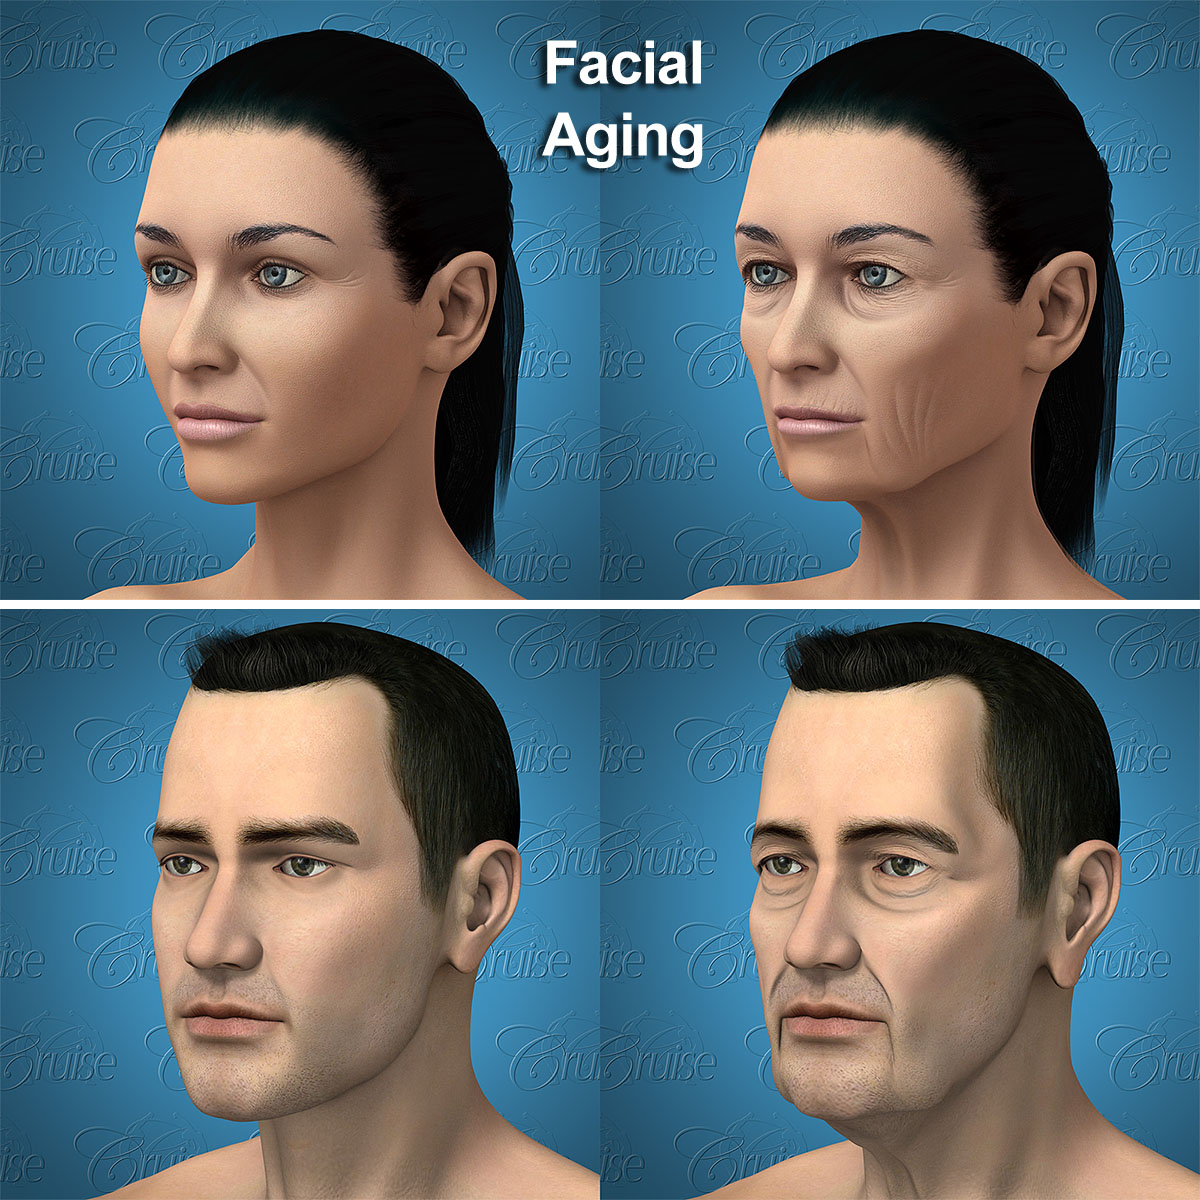 Facial aging
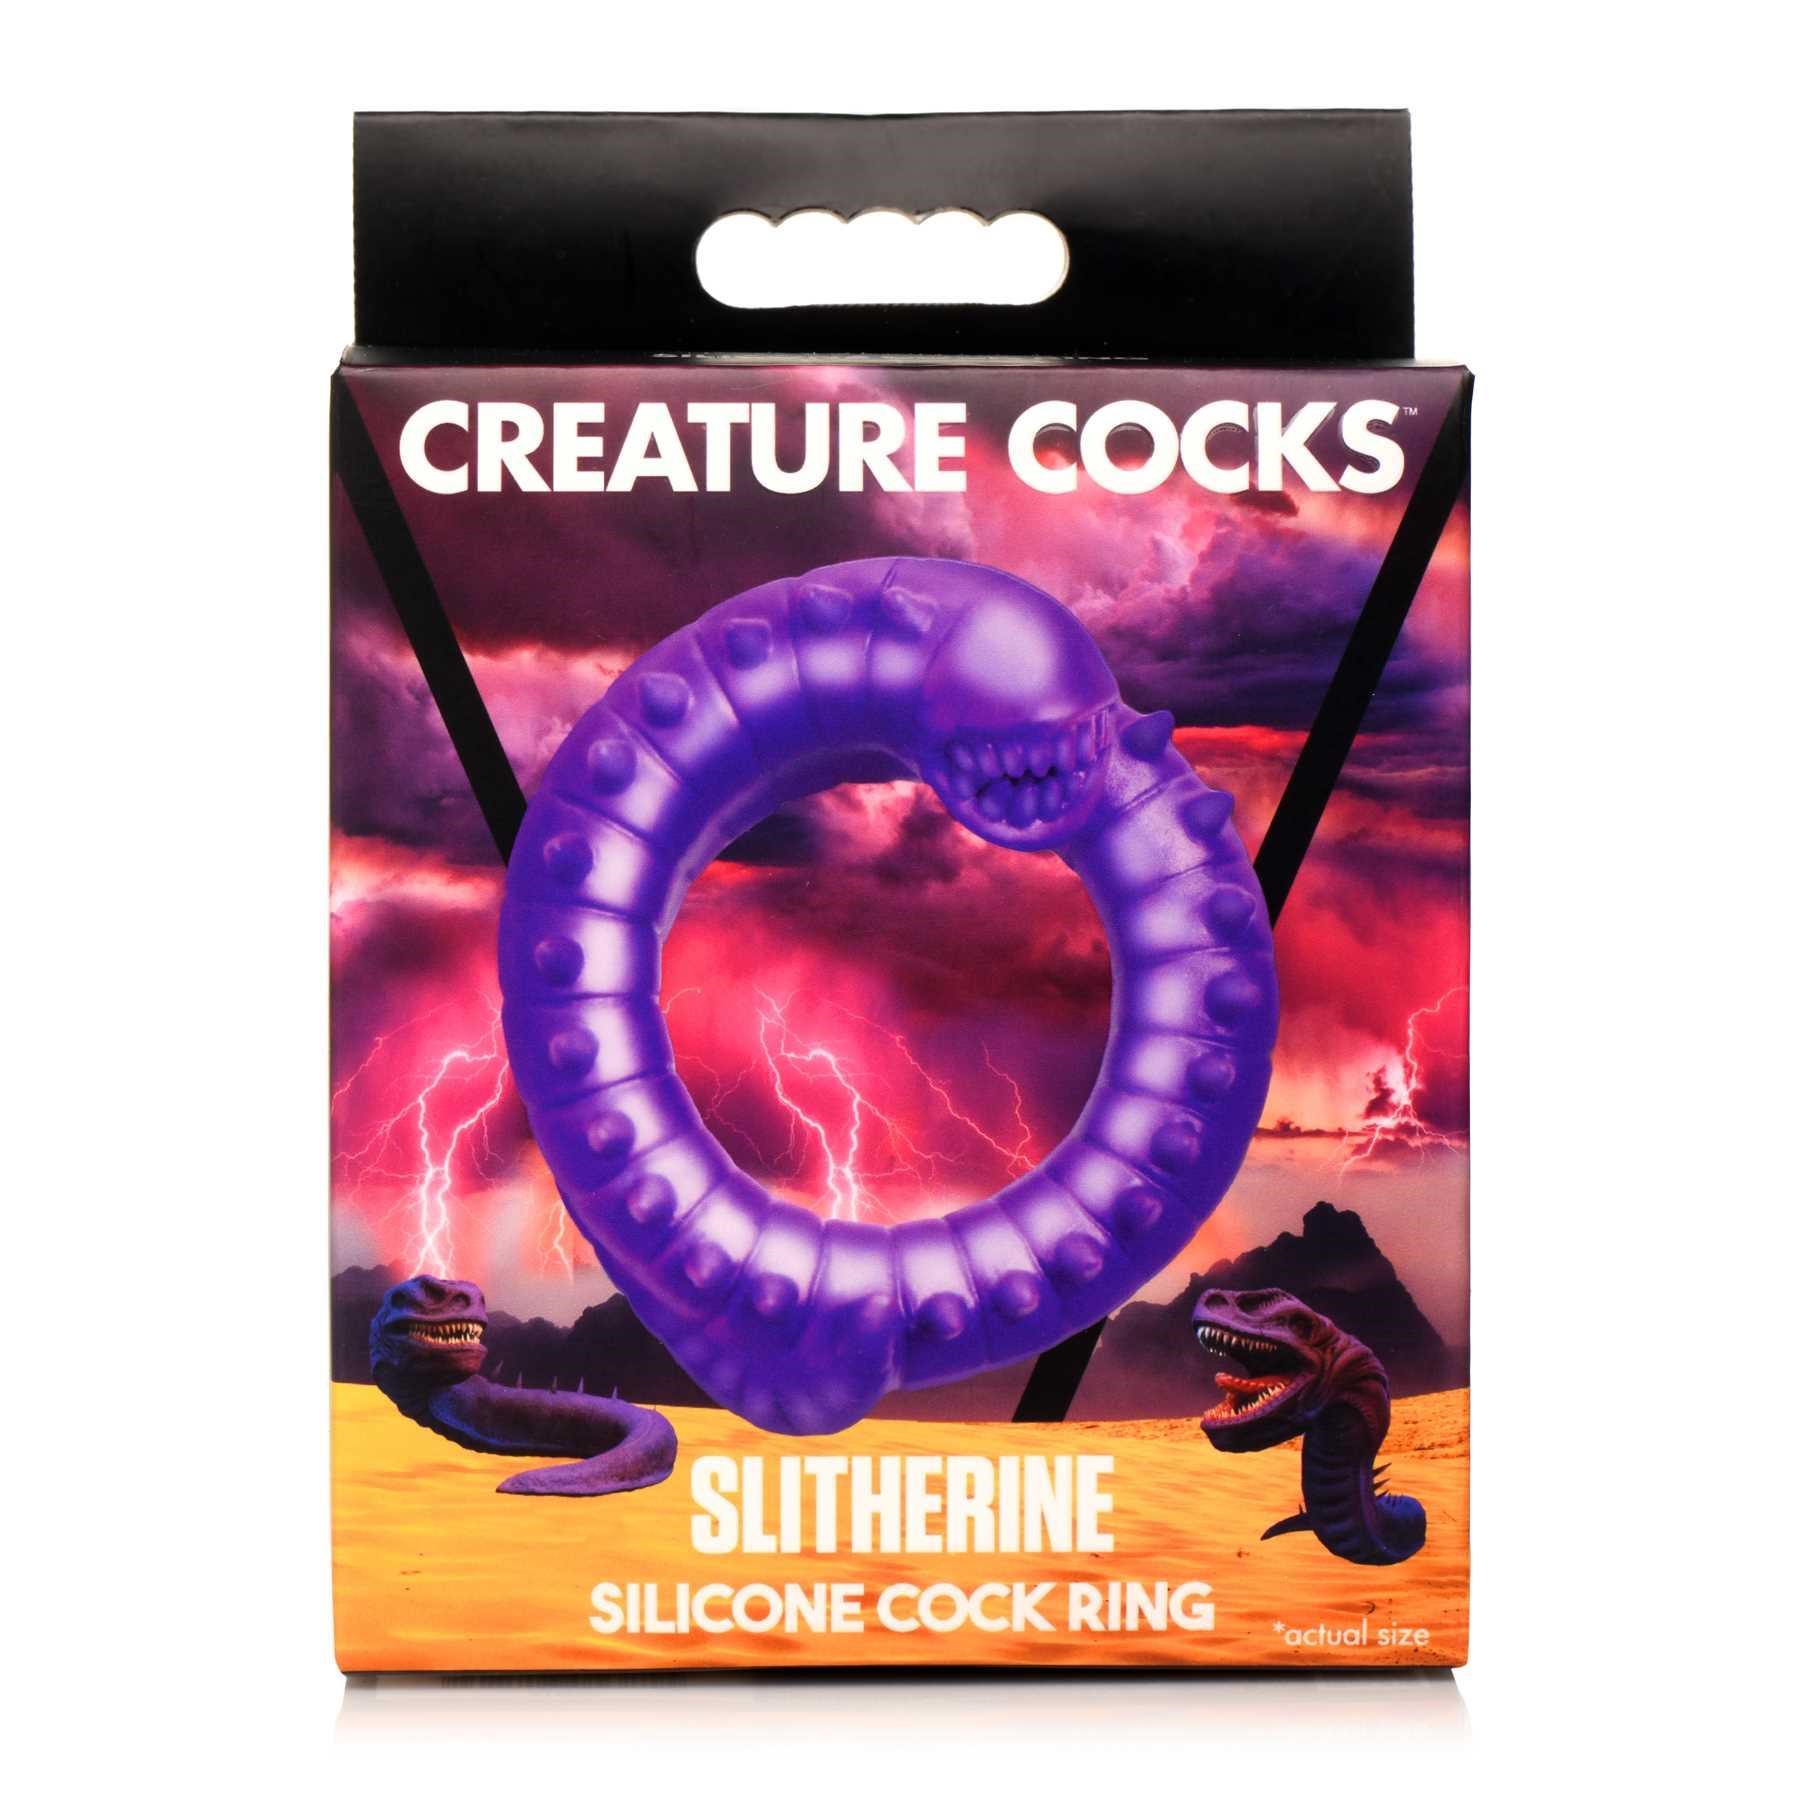 Creature Cocks Slitherine Silicone Cock Ring box
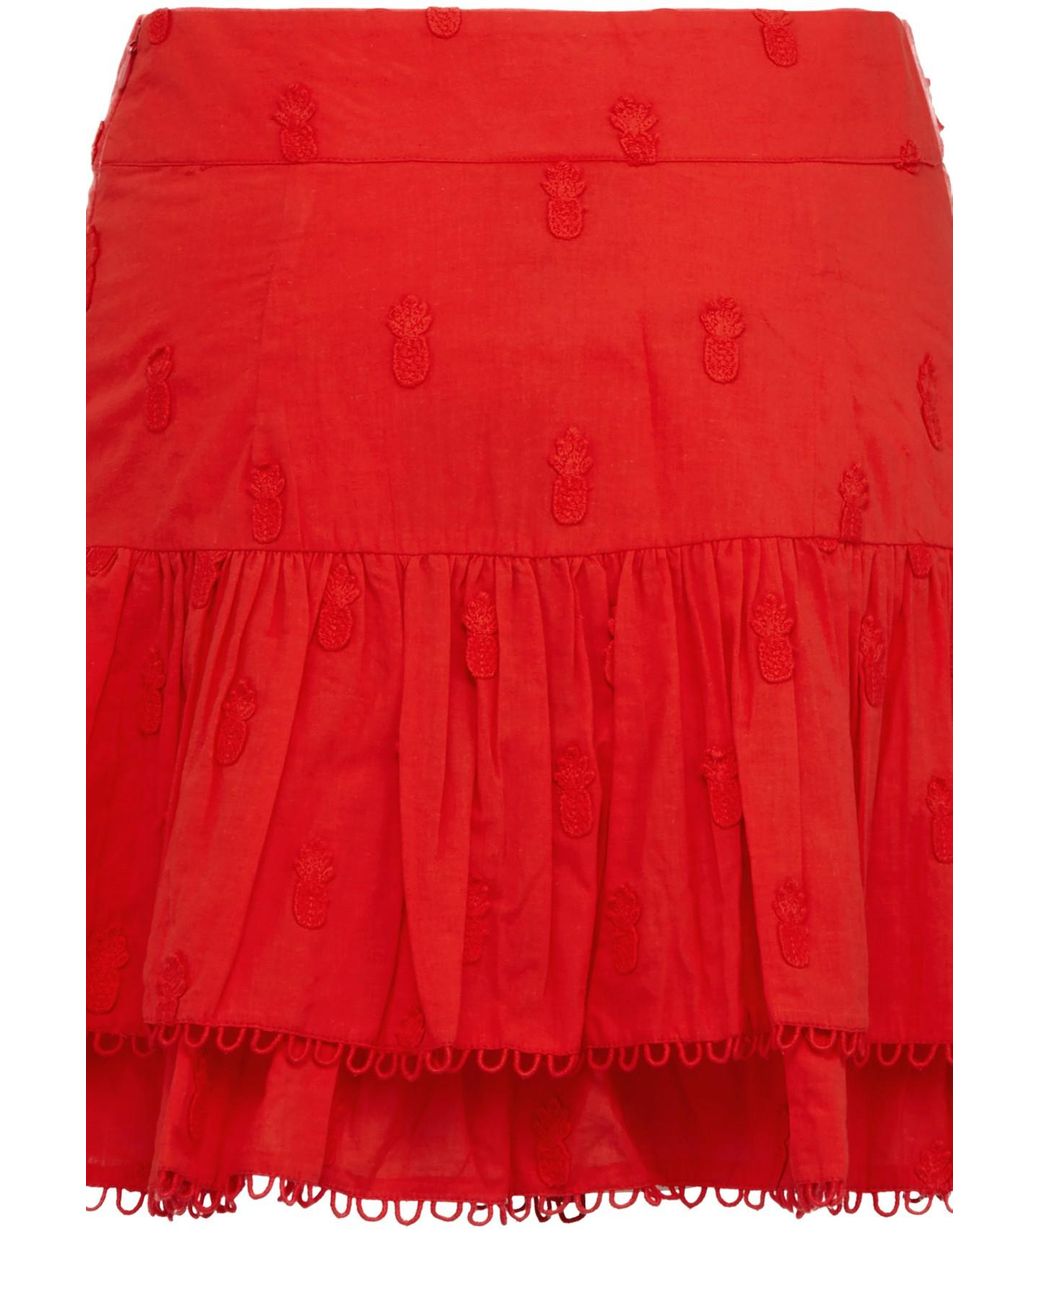 FARM Rio 3d Pineapple Mini Skirt in Red | Lyst Canada
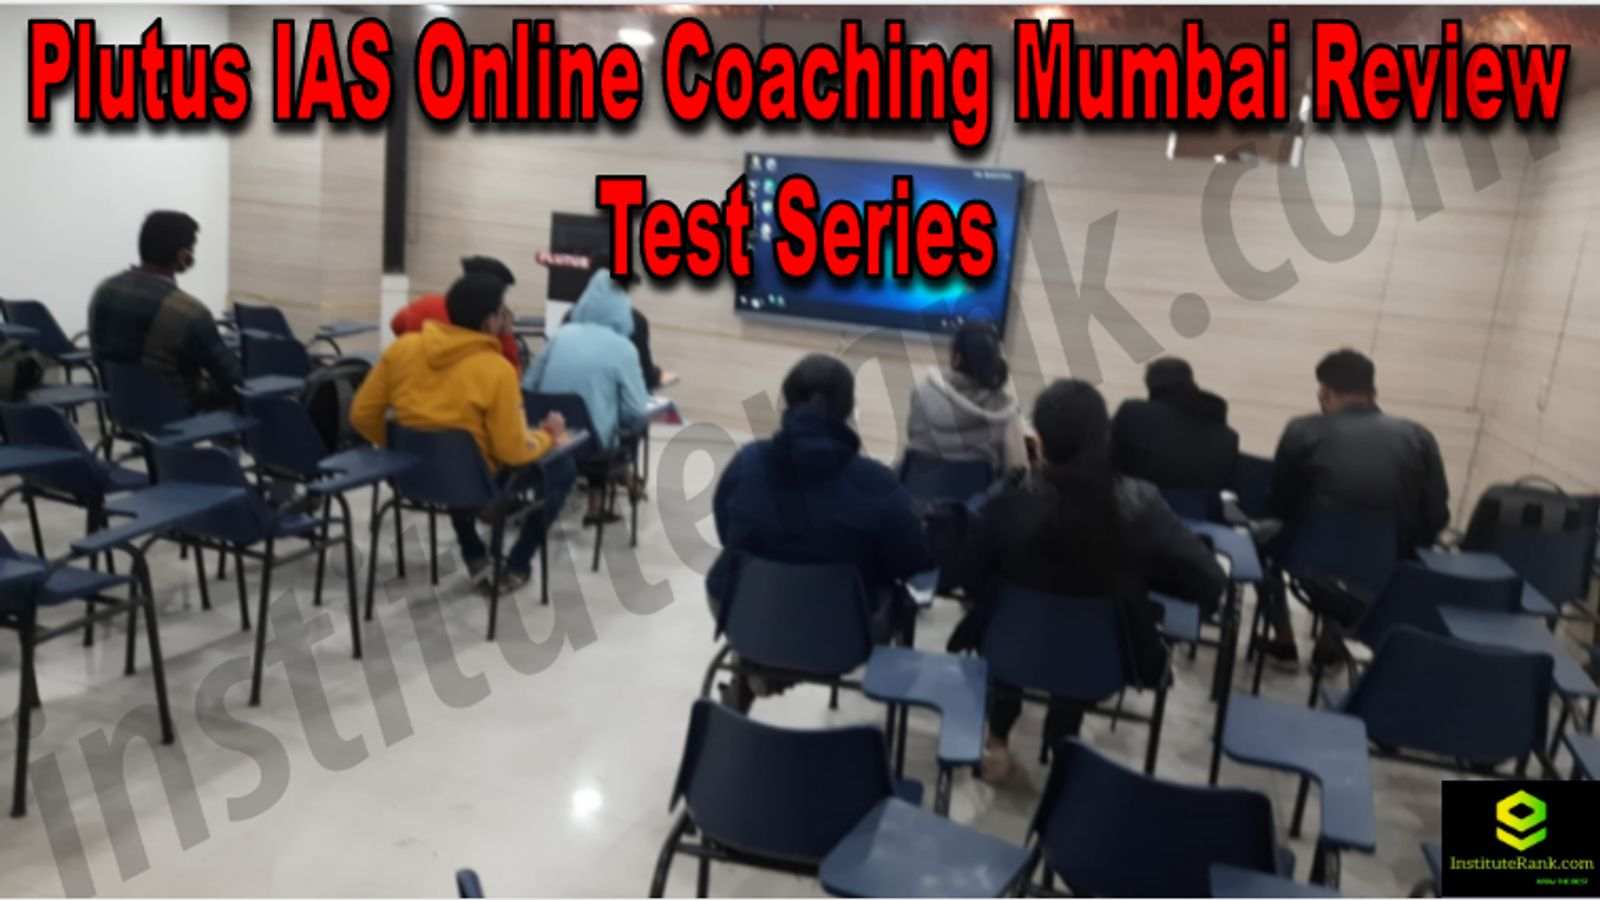 Plutus IAS Online Coaching Mumbai Reviews Test Series

(Exercise goal) Repeat the data above exactly, leaving out any pictures it holds.

(Answer for the task)
 Facial aging
 Creature Cocks Slitherine Silicone Cock Ring box
 FARM Rio 3d Pineapple Mini Skirt in Red | Lyst Canada
 Plutus IAS Online Coaching Mumbai Reviews Test Series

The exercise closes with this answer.